Restaurant Review: Feriza's, Wynyard Quarter

By Jesse Mulligan
Viva
The kunefe dessert at Turkish restaurant Feriza’s. Picture / Babiche Mrartens


Cuisine: Turkish
Address: 7/12 Jellicoe St, Wynard Quarter
Phone: (09) 600 2088
Bookings accepted
Fully licensed
From the menu: Spinach gozleme $14, potato, onion and feta gozleme $14, slow cooked lamb $24, dolma and falafel $20, kunefe $16
Rating: 7/10

RH_BOOKING

Feriza’s arrived with one of the most impressive marketing launches I’ve seen for a restaurant. Turkish delight delivered to my place of work; highly-produced web videos created just to communicate the brand; a website so shiny I could see my reflection in it.

Nine times out of 10, if I ask a new restaurant for their phone number the maitre d’ apologies gravely for the fact they don’t yet have printed business cards. Here at Feriza’s, however, there was a neat pile of them right next to the cash register. I got the strong feeling that the printing of business cards was the very first thing they did.

Picture / Babiche Mrartens
Picture / Babiche Mrartens

What does this tell us about the operating priorities of the restaurant’s owners, who also preside over Bodrum in New Lynn, Nomad in Pt Chev and Deco in Titirangi?

That they are organised, experienced and have suppliers who deliver with the urgency of someone with four contracts at stake rather than one. But I also think it says something about how important great food is to them in the giant, graphically-designed scheme of things.

The food is not great here, you see. If it was, I’d be telling you to rush down immediately, because almost everything else is crackingly good. It’s on a Wynyard Quarter corner, taking over from poor old Kindred, possibly the shortest-lived waterfront restaurant in human history.

Feriza’s has redecorated, warming things up immeasurably with colour and botanical furnishings. They also have tables outside which, even in August, are warm, bright and indulgent.

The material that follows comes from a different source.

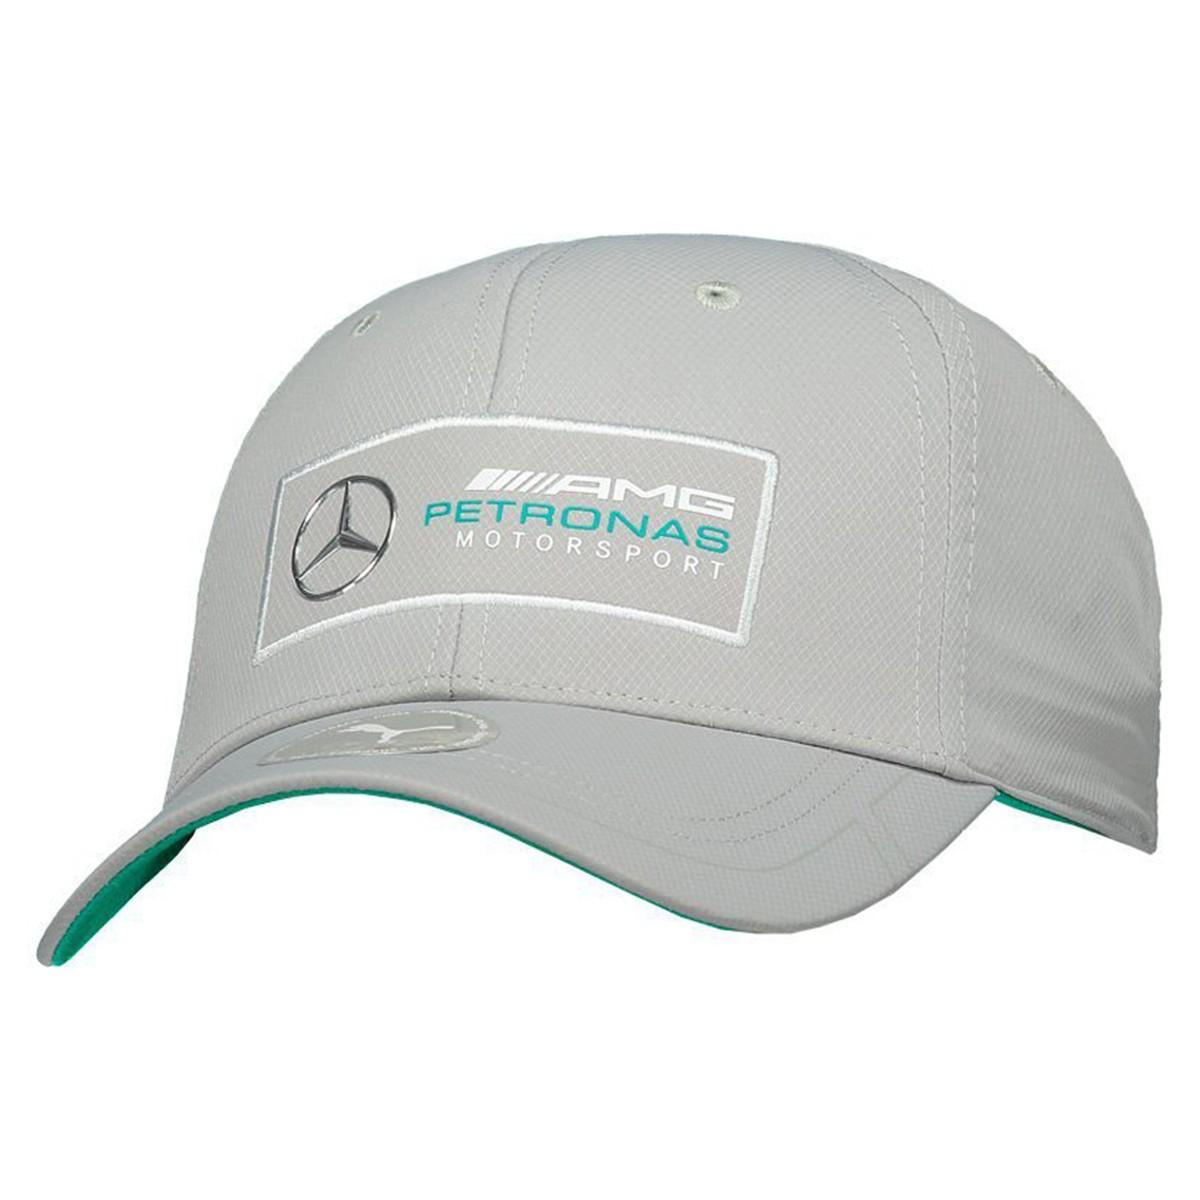 Boné Mercedes Puma AMG Petronas Motorsport  - Prata - Masculino

We couldn’t believe our luck to be in full sun on a fine day, and our hopes were high when a smart young man came to us and talked about the menu.

Picture / Babiche Mrartens
Picture / Babiche Mrartens

One thing you can say about this restaurant group is that they hire great staff. Chatty, eager-to-please millennials with enthusiasm for life have been the standout feature at each of those other eateries, so either the owners have a great HR policy or they’re paying over the odds.

Whatever, with a good drinks list and beautiful surroundings, the smiling service is almost enough to get Feriza’s over the line.

But the menu currently has an averageness that will appeal only to university graduands looking for food that won’t offend their grandparents. There is nothing you can point to and say that it was terrible, but almost all of it could be better.

A blurb says that “the kitchens of the Ottoman Empire were a hotbed of competition and fierce rivalry as the palace chefs sought to create dishes that would impress the Sultan at the time”. But there’s a fine line between impressive and depressive, and Feriza’s is skating it.

The centrepiece of the menu is gozleme, thin sheets of flat bread filled with savoury delights and then cooked over the grill.

Feriza's slow-cooked lamb. Picture / Babiche Mrartens
Feriza's slow-cooked lamb. Picture / Babiche Mrartens

The bread is great but the insides were bland “potato, onion and feta” featured almost no feta, like when you go to make a Greek salad and discover your flatmate has used all the cheese, so you grab the packet out of the bin and shake the remaining crumbs over everything in the hope that will do the trick.

Spinach and mushroom had mushrooms all right but they barely tasted of mushrooms, let alone anything else. You expect spinach to be bland but if all you’re doing with your fungi is turning it over in a fry pan it’s not going to magically start to taste great.

Slow-cooked lamb was cooked just right but came on a beetroot hummus too low on beetroot.

Not that there are any laws around minimum quantities of beetroot in a hummus but when you only use a little bit the colour of the dip changes from beige to a milky pink, an unattractive hue for something on a restaurant plate. It came with a choban salad featuring dull winter tomatoes, red onions and herbs.

Picture / Babiche Mrartens
Picture / Babiche Mrartens

We also ordered dolma, a promising sounding stuffed vine leaf served with a whole baked capsicum filled with the same stuffing: a sort of spiced rice which could have really used some almonds, currants, or preserved lemon to give it some interest.

The dish was missing a “salsa” promised on the menu but they whipped one up while we waited the same choban salad with a bit of extra vinegar.

The overall impression is of a chef who doesn’t trust us with true flavour. She should put the same intensity of ingredients into her mains as she does into the kunefe, a truly wonderful dessert featuring baked cheese, wispy kadaifi pastry and a lemon honey syrup.

It comes with good pistachio icecream topped with white candy floss that looked so much like Donald Trump’s hair they could have called the dish ‘‘covfefe’’. If they can create something this magnificent when it’s sweet, what’s stopping them doing the same for savoury?